ベトナムのViettel Group (軍隊工業通信グループ)は朝鮮民主主義人民共和国(以下、北朝鮮)の移動体通信市場に対する投資の検討を継続していることが外国メディアの報道で分かった。

Viettel Groupの幹部が外国メディアのインタビューに応じ、北朝鮮の移動体通信市場への投資を検討していると明らかにした。

過去に、Viettel Groupは2010年に北朝鮮でモバイルネットワークを構築するための許可を求めたことがある。

2009年頃より北朝鮮の移動体通信市場への参入を検討しており、2009年から2011年にかけて北朝鮮の重要な記念日にはViettel Groupからプレゼントを送るなど、北朝鮮の移動体通信市場へ参入できるようにするため、北朝鮮当局との関係の構築を図る活動が見られた。

Viettel Groupの北朝鮮における目立つ活動はなくなったが、依然として北朝鮮の移動体通信市場に対する関心は失われていない模様である。

ただ、Viettel Groupは北朝鮮の移動体通信市場への参入を急ぐわけではなく、まずは制裁措置の解除や外国人投資家への市場開放を待つという。

これまでのViettel Groupの国際展開や北朝鮮の法制度を踏まえると、Viettel Groupは主導権を握らずに支援する選択肢も視野に入れていると思われる。

北朝鮮では憲法や法律を参照すると、移動体通信事業者(MNO)の設立には基本的に北朝鮮の個人や事業体との合弁事業が必要と解釈できる。

しかし、国際連合安全保障理事会(United Nations Security Council)は北朝鮮に対する追加制裁を講じる決議として2017年8月5日に決議第2371号(2017)を全会一致で採択し、事前に個別の承認を受けた場合を除き、原則として北朝鮮の個人や事業体との合弁事業または共同事業体の新規開設および追加投資を禁じた。

そのため、Viettel Groupとしてはすぐに北朝鮮の移動体通信市場へ参入することは現実的ではない。

北朝鮮では移動体通信サービスの加入件数やスマートフォンの利用率は伸長しており、北朝鮮の移動体通信市場はさらなる成長の可能性を秘めている。

また、北朝鮮とベトナムは相互に大使館を設置するなど伝統的友好国で、2国間の人的交流および物流も盛んで、ベトナム政府の支配下にあるViettel Groupが北朝鮮の移動体通信市場に対する投資に注目することは自然と考えられる。

実際に平壌国際空港(FNJ)の手荷物引渡場ではベトナムが支出地の荷物を多く目にし、また北京首都国際空港(PEK)から平壌国際空港に向かう北朝鮮のAir Koryo (高麗航空)の機内では隣がベトナム人で、北朝鮮とベトナムとの盛んな交流について話を聞けたこともある。

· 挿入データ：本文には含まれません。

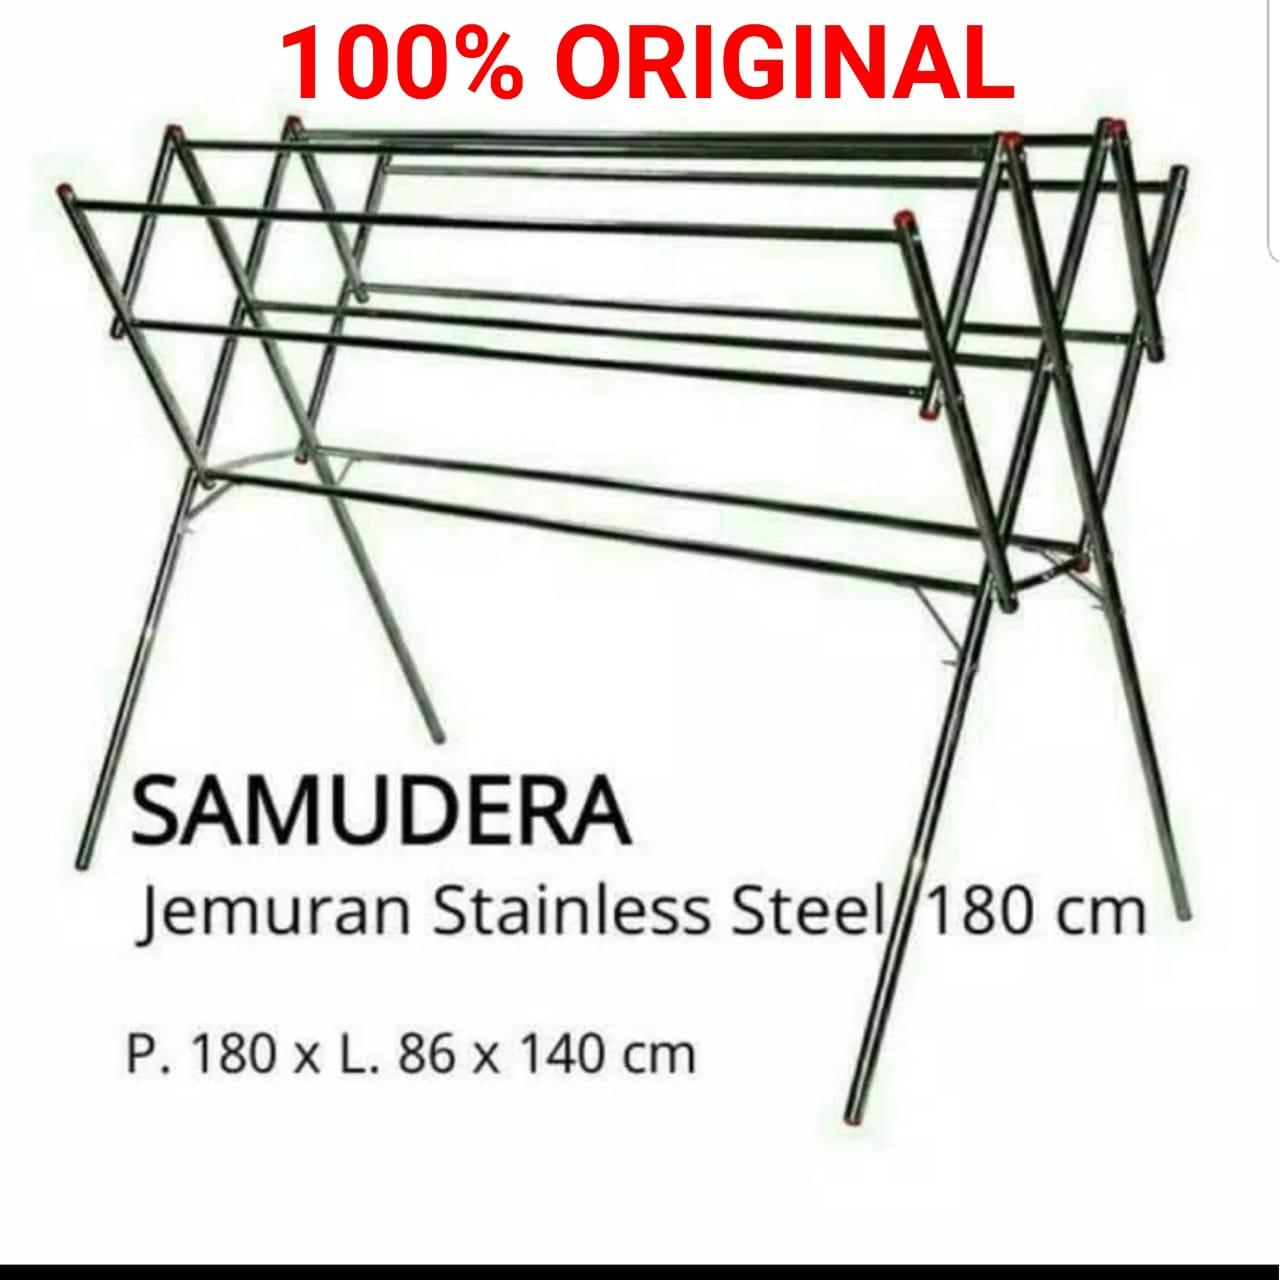 Jemuran Stainless Steel Uk 180 Cm Original Samudera By Furnikita Furniture.
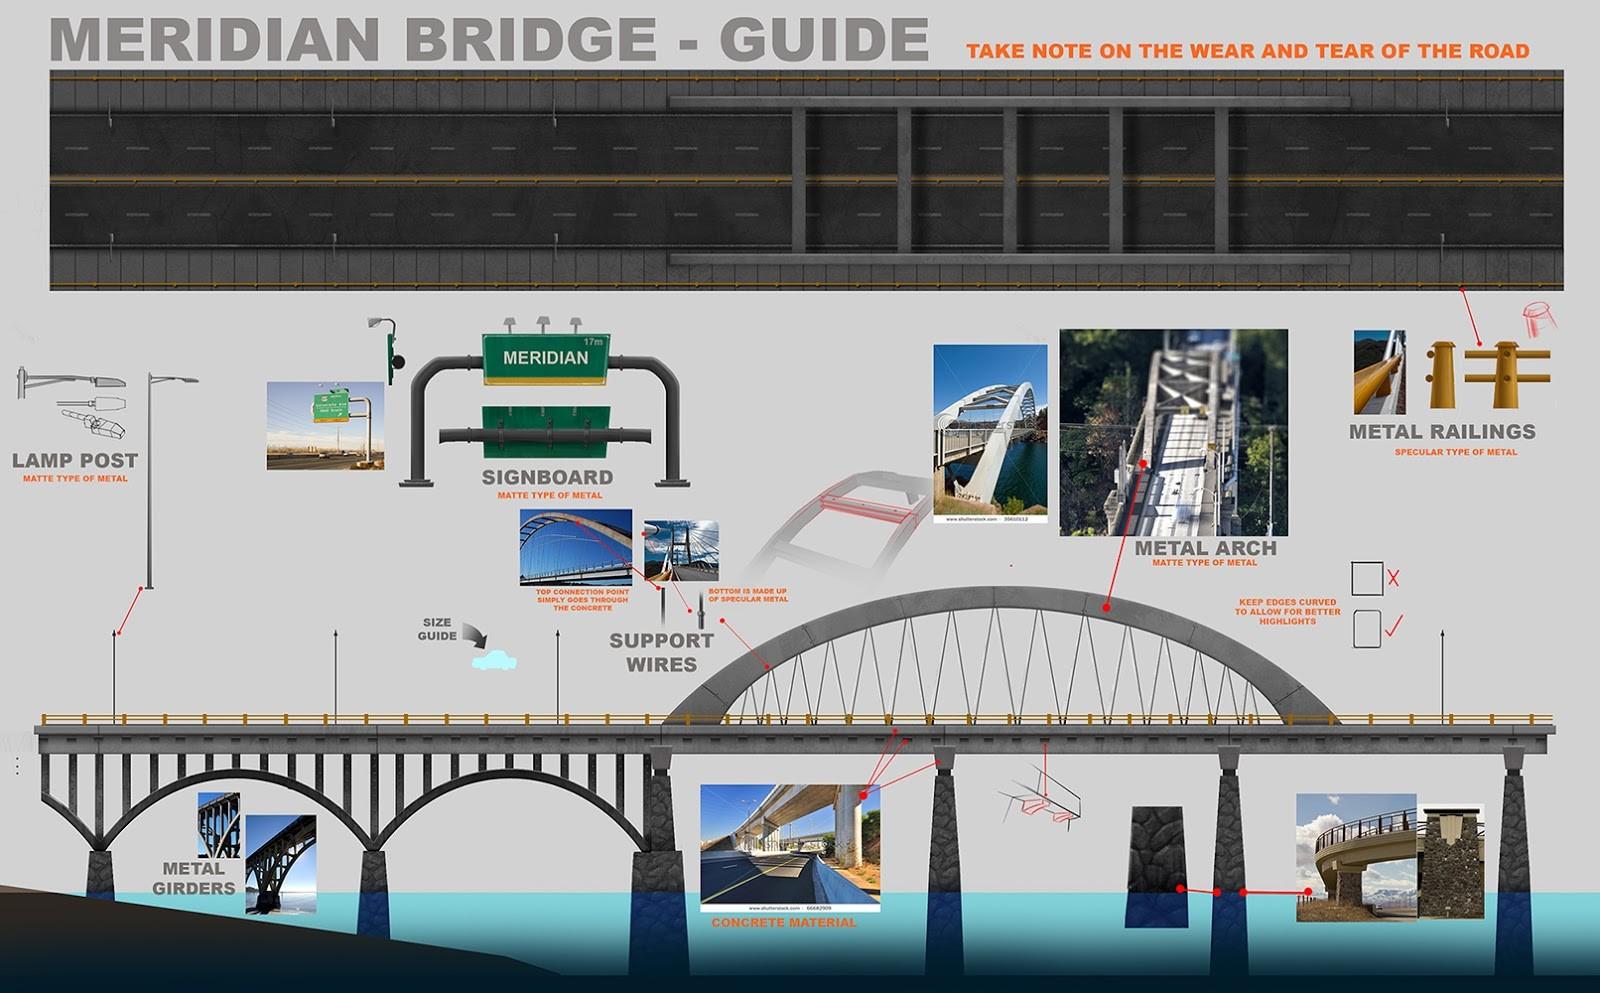 Jose cua bridge guide

なお、Viettel Groupはベトナムの政府機関でベトナム人民軍を統括する国防省(Ministry of National Defence)が完全所有する企業で、ベトナムのほかにカンボジア、ラオス、ミャンマー(ビルマ)、東ティモール(ティモール・テステ)、カメルーン、ブルンジ、タンザニア、モザンビーク、ハイチ、ペルーの移動体通信市場に参入している。

Viettel Groupの国際事業はほとんどが子会社でベトナムのViettel Global Investmentを通じて手掛けており、Viettel Global Investmentに対するViettel Groupの持分比率は98.68%となっている。